To encourage software development in this area, DFKI posted a plug-in that e-book developers can use to experiment with the new format's possibilities using eye-tracking hardware or a mouse pointer simulating the reader's gaze ( see video). The hardware is still bulky and expensive (the Tobii x120 pictured here costs tens of thousands of dollars, with the price depending on volume), but hardware prices drop precipitously when technology migrates from specialized fields, like helping paraplegics control things, to general fields, like reading.
To compete for our attention with other methods of storytelling, books need to evolve – especially for readers born more recently – and Text 2.0 is one way forward that appears to respect the written word, enhancing our ability to consume it rather than subjugating it to multimedia fireworks. I'm not reading as many books as I used to, and publishing figures suggest I'm not the only one. If Text 2.0 becomes a reality, whether on the iPad or somewhere else, count me in. Having grown up a bookworm in the '70s and '80s, I prefer the feel and even the smell of paper books – and the fact that I can just chuck one in my bag for whenever I have a spare moment, without worrying about batteries, theft or breakage. Before you take these as the self-serving written words of an e-reader junkie addicted to whatever new way there is to read, I should admit that I have yet to make the leap to an e-reader. Produced in a tasteful, helpful way, Text 2.0 promises to resurrect book-reading in a new form.
But these are the same kind of best-practices challenges that taught us not to hyperlink every word on a web page, or send someone to a corporate site at the mention of any company name. Granted, it might be a bit over-the-top to add contextual information about whales' feeding habits to Moby Dick when your eye lingers on a certain passage for too long, and Text 2.0's potential for abuse could be greater than its potential utility. Text 2.0 will no doubt draw its share of naysayers – some of the same people who decry electronic text as inferior even when it contains the same information as the dead-tree version. Introducing TD Pilot, an eye-controlled communication device for iPad. Global Nav Open MenuGlobal Nav Close MenuAppleAppleMaciPadiPhoneWatchTVMusicSupportWhere Buy iPad User Guide Open Menu Close Menu Communities.
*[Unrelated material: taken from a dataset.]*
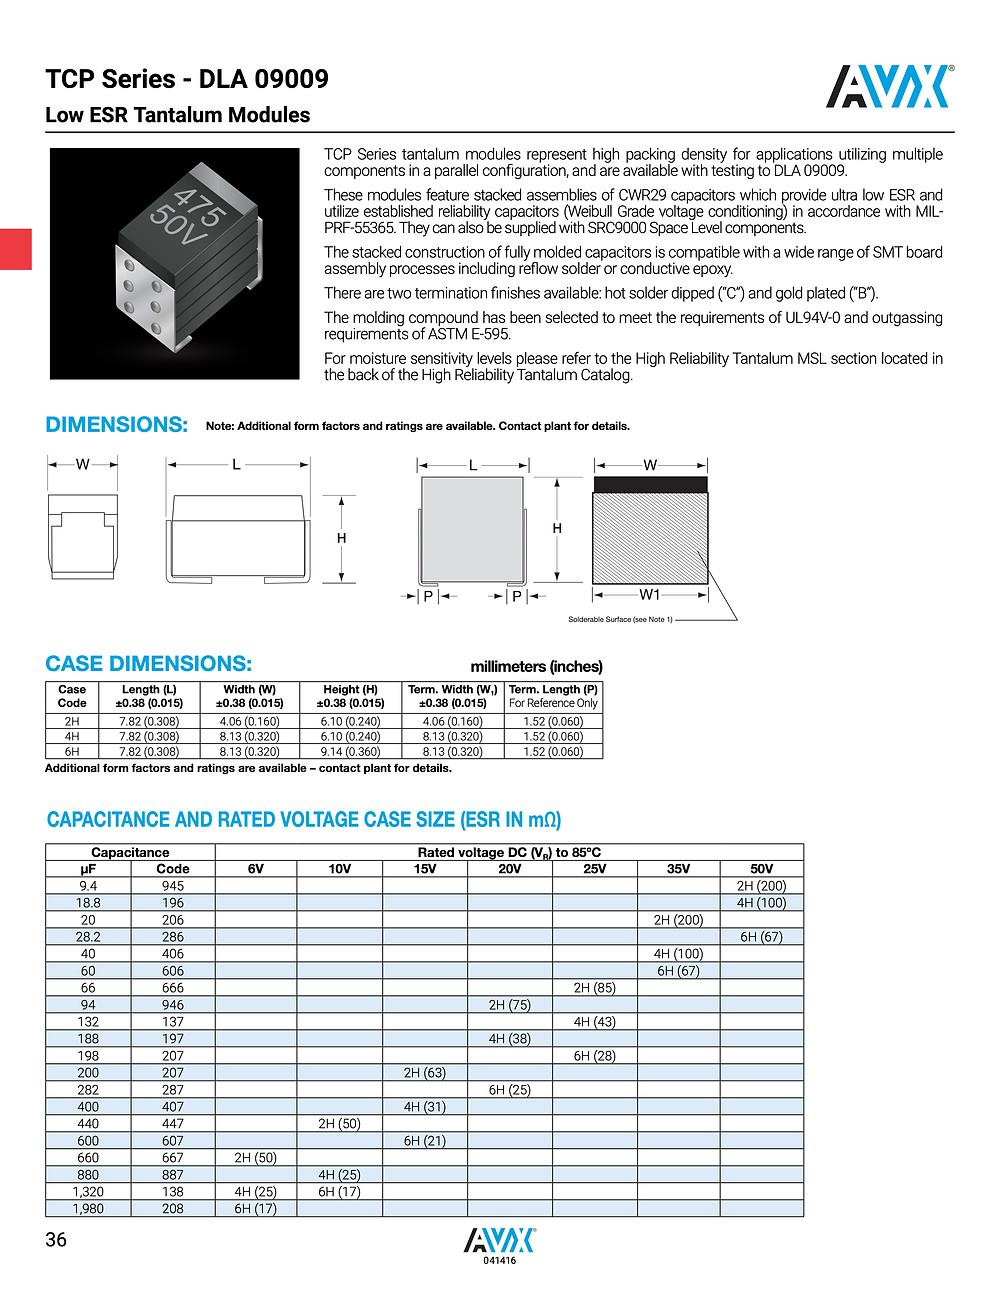 AVX TCP Series Capacitor

This could present incalculable opportunities to reinvigorate the written word, and become a key differentiator from print – a positive one. Communication apps, speech generating devices, eye trackers and eye gaze/eye-controlled devices for people with disabilities and special needs who require AAC. No matter whether you want to track your own iPhone to recover its data or maybe the iPhone of your partner to learn about their activities, iPhone tracking is always helpful. With eye-tracking technologies already in Apple's possession, e-readers more popular than ever before, and Apple set to unleash an e-reader that's more computer than it is book, the stage is set for eye-tracking technology to appear on next-generation tablets. Iphone x eye tracking app, iphone x face tracking.